How to Validate Fuzzy Matches

When comparing strings of text, it can sometimes be useful to check that values are similar instead of asserting that they are exactly the same. Datatest provides options for approximate string matching (also called “fuzzy matching”).

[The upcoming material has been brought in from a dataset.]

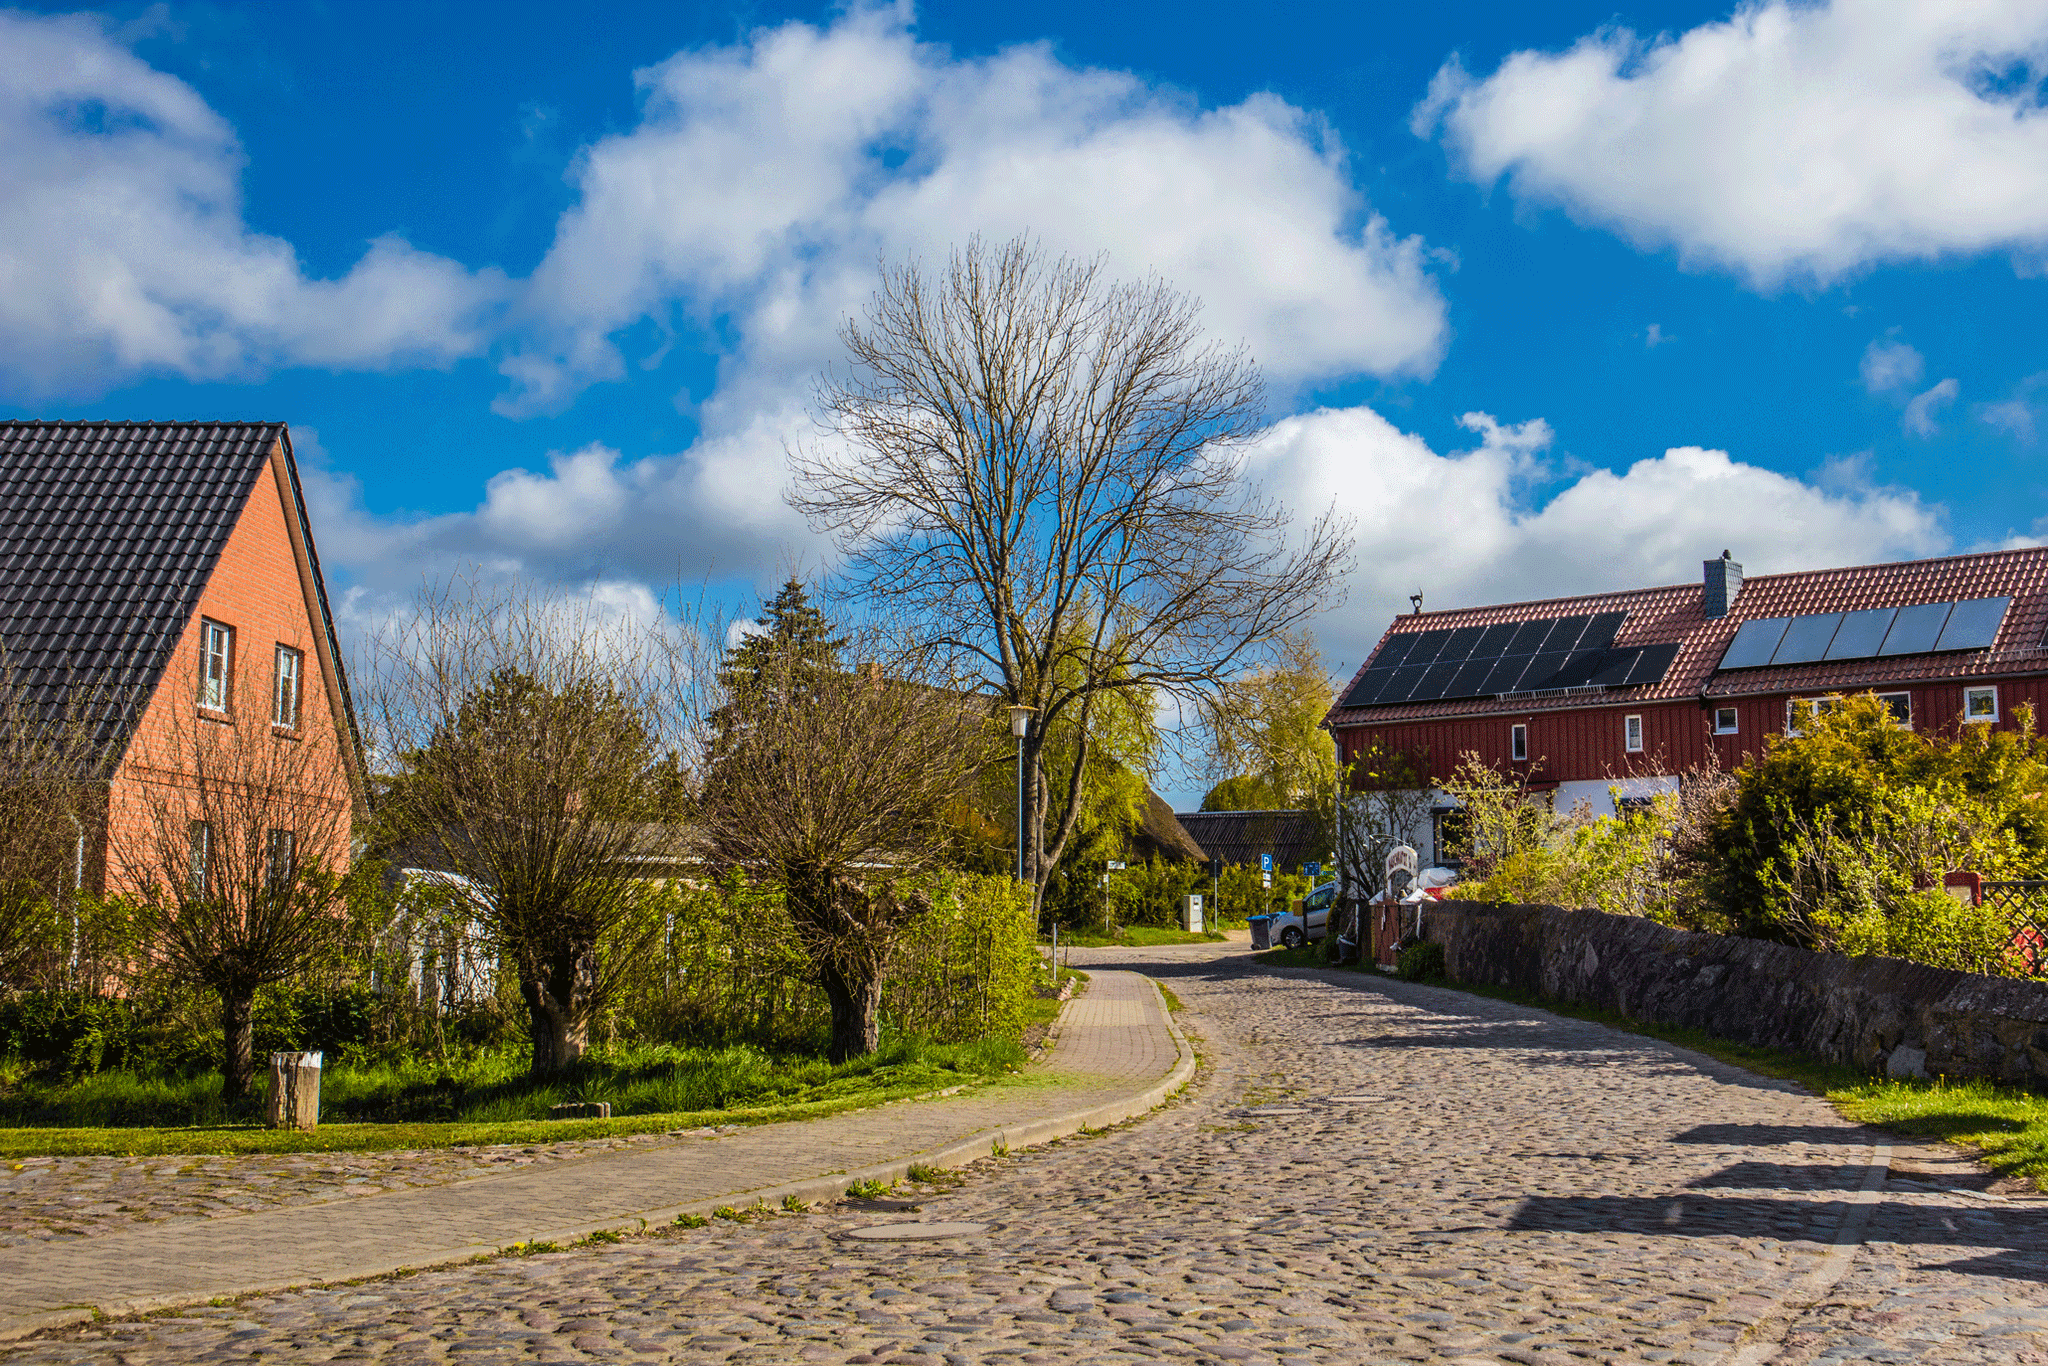 Das Bild zeigt die Dorfstraße im kleinen Ort Krummin auf der Insel Usedom.

When checking mappings or sequences of values, you can accept approximate matches with the accepted.fuzzy() acceptance:

 1
 2
 3
 4
 5
 6
 7
 8
 9
10
11
12
13
14
15
16
17
18
19
20
from datatest import validate, accepted

linked_record = {
    'id165': 'Saint Louis',
    'id382': 'Raliegh',
    'id592': 'Austin',
    'id720': 'Cincinatti',
    'id826': 'Philadelphia',
}

master_record = {
    'id165': 'St. Louis',
    'id382': 'Raleigh',
    'id592': 'Austin',
    'id720': 'Cincinnati',
    'id826': 'Philadelphia',
}

with accepted.fuzzy(cutoff=0.6):
    validate(linked_record, master_record)

If variation is an inherent, natural feature of the data and does not necessarily represent a defect, it may be appropriate to use validate.fuzzy() instead of the acceptance shown previously:

 1
 2
 3
 4
 5
 6
 7
 8
 9
10
11
12
13
14
15
16
17
18
19
from datatest import validate

linked_record = {
    'id165': 'Saint Louis',
    'id382': 'Raliegh',
    'id592': 'Austin',
    'id720': 'Cincinatti',
    'id826': 'Philadelphia',
}

master_record = {
    'id165': 'St. Louis',
    'id382': 'Raleigh',
    'id592': 'Austin',
    'id720': 'Cincinnati',
    'id826': 'Philadelphia',
}

validate.fuzzy(linked_record, master_record, cutoff=0.6)

That said, it’s probably more appropriate to use an acceptance for this specific example.